*** Opening Collected data ***

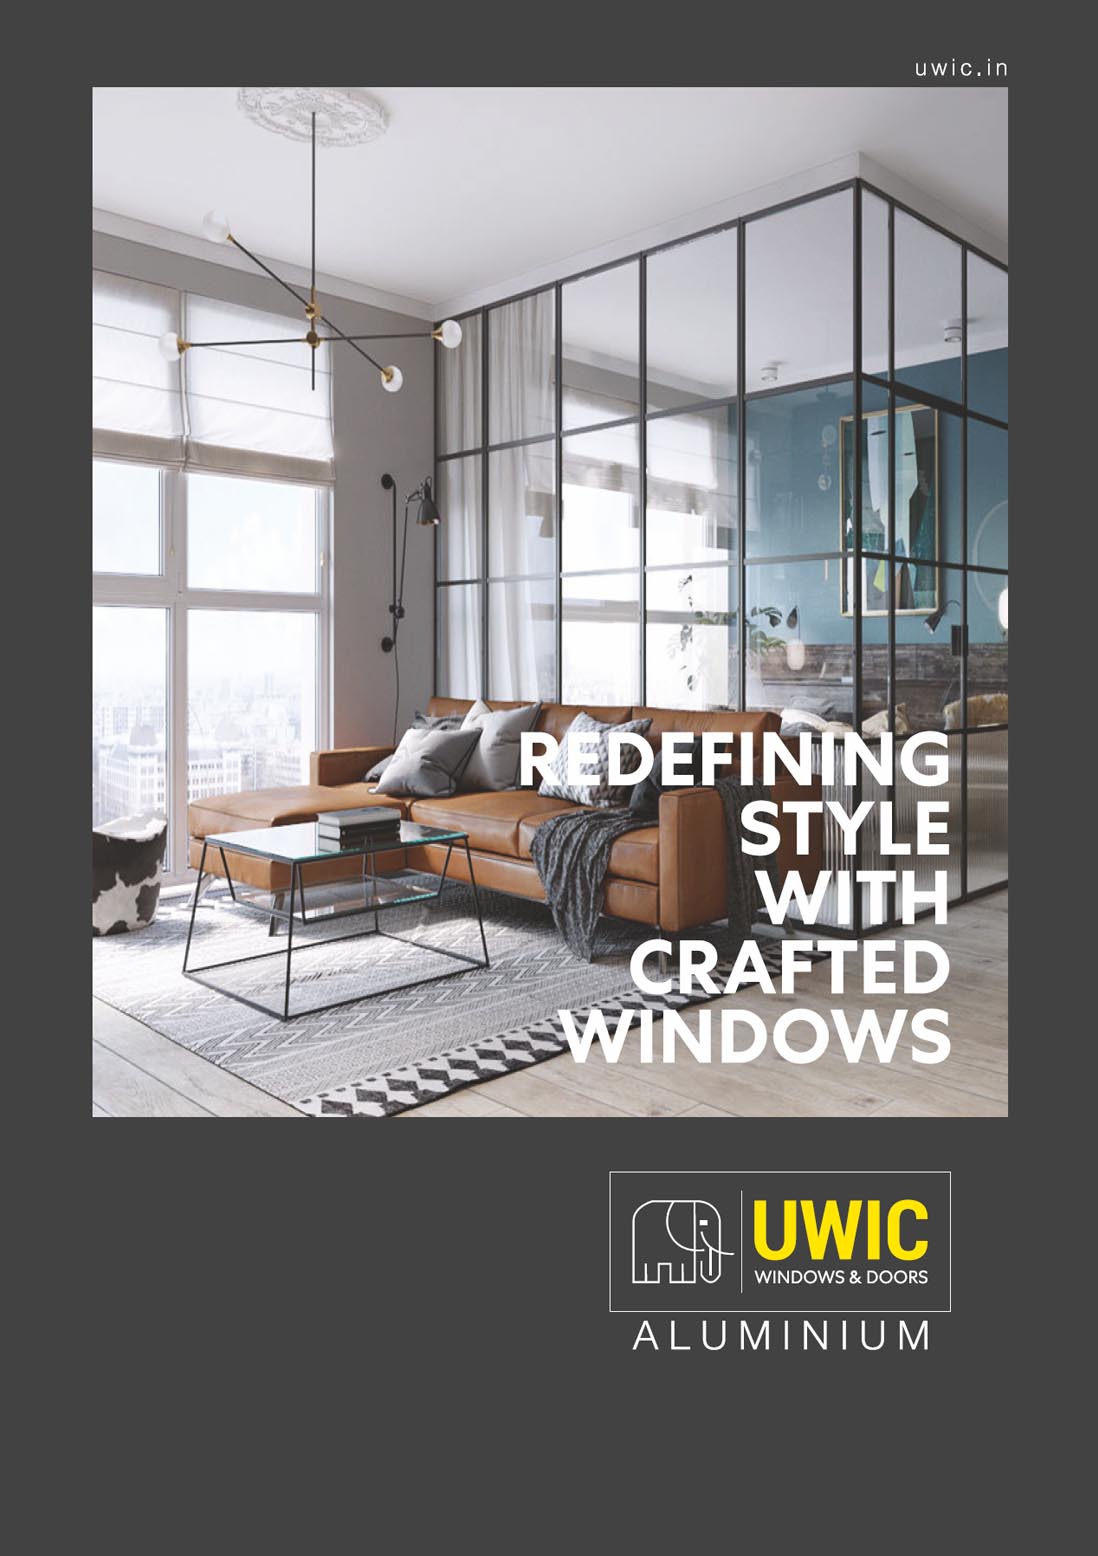 UWIC Windows & Doors
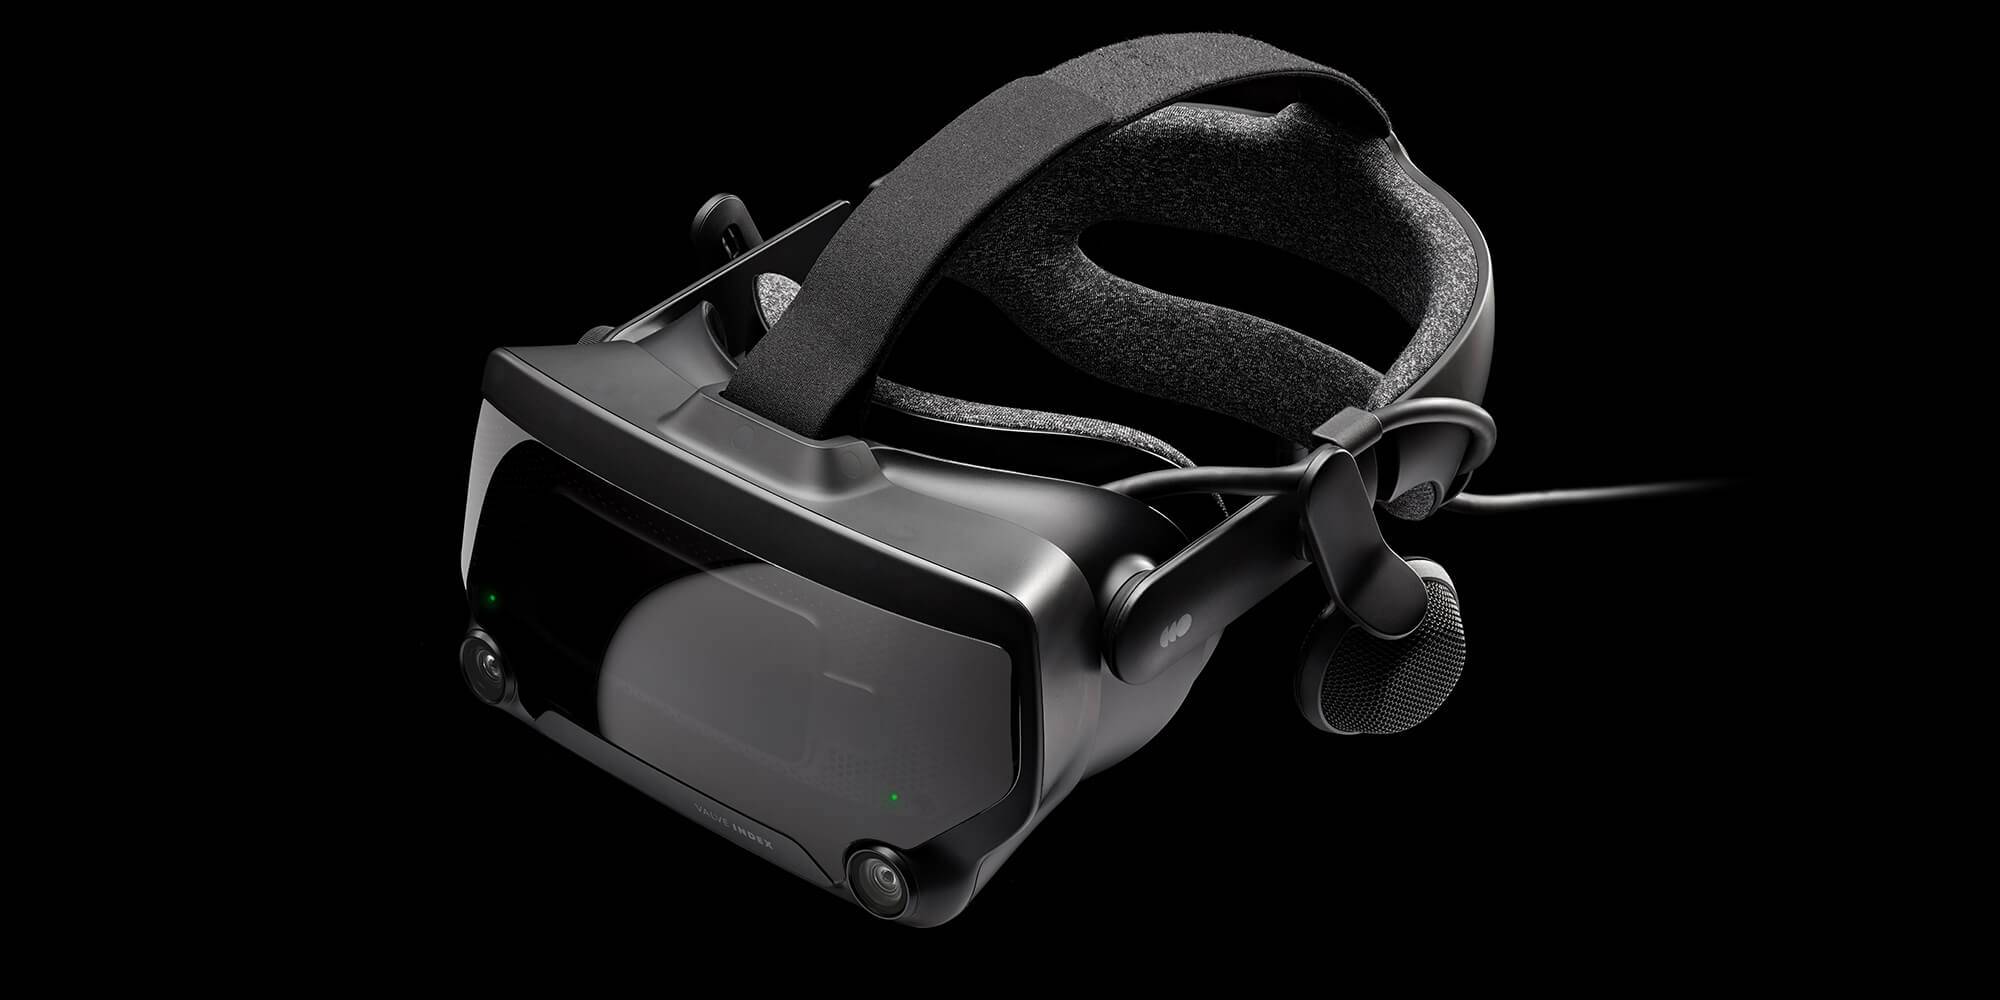 Valve Index promete mais imersão em realidade virtual, mas cobra caro
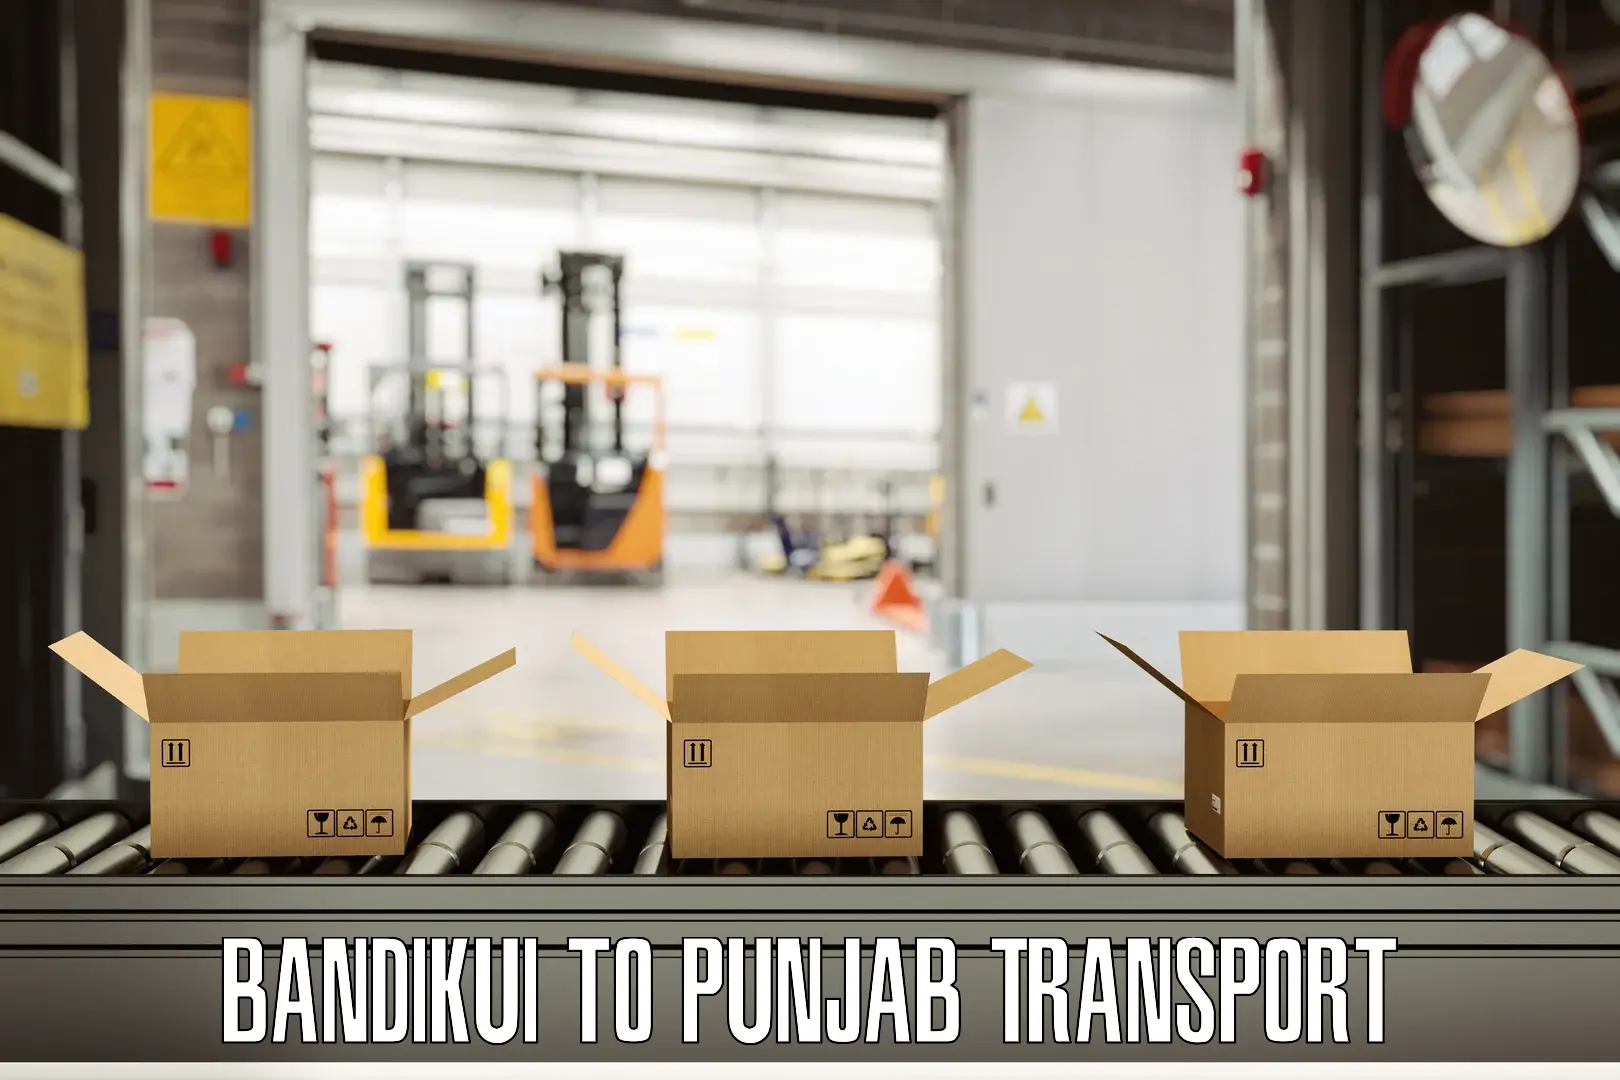 Express transport services in Bandikui to Punjab

*** Closing Collected data ***

### Instructions to follow
Output all of the data above exactly; no pictures should appear.

### Expected answer
 UWIC Windows & Doors
 Valve Index promete mais imersão em realidade virtual, mas cobra caro
 Express transport services in Bandikui to Punjab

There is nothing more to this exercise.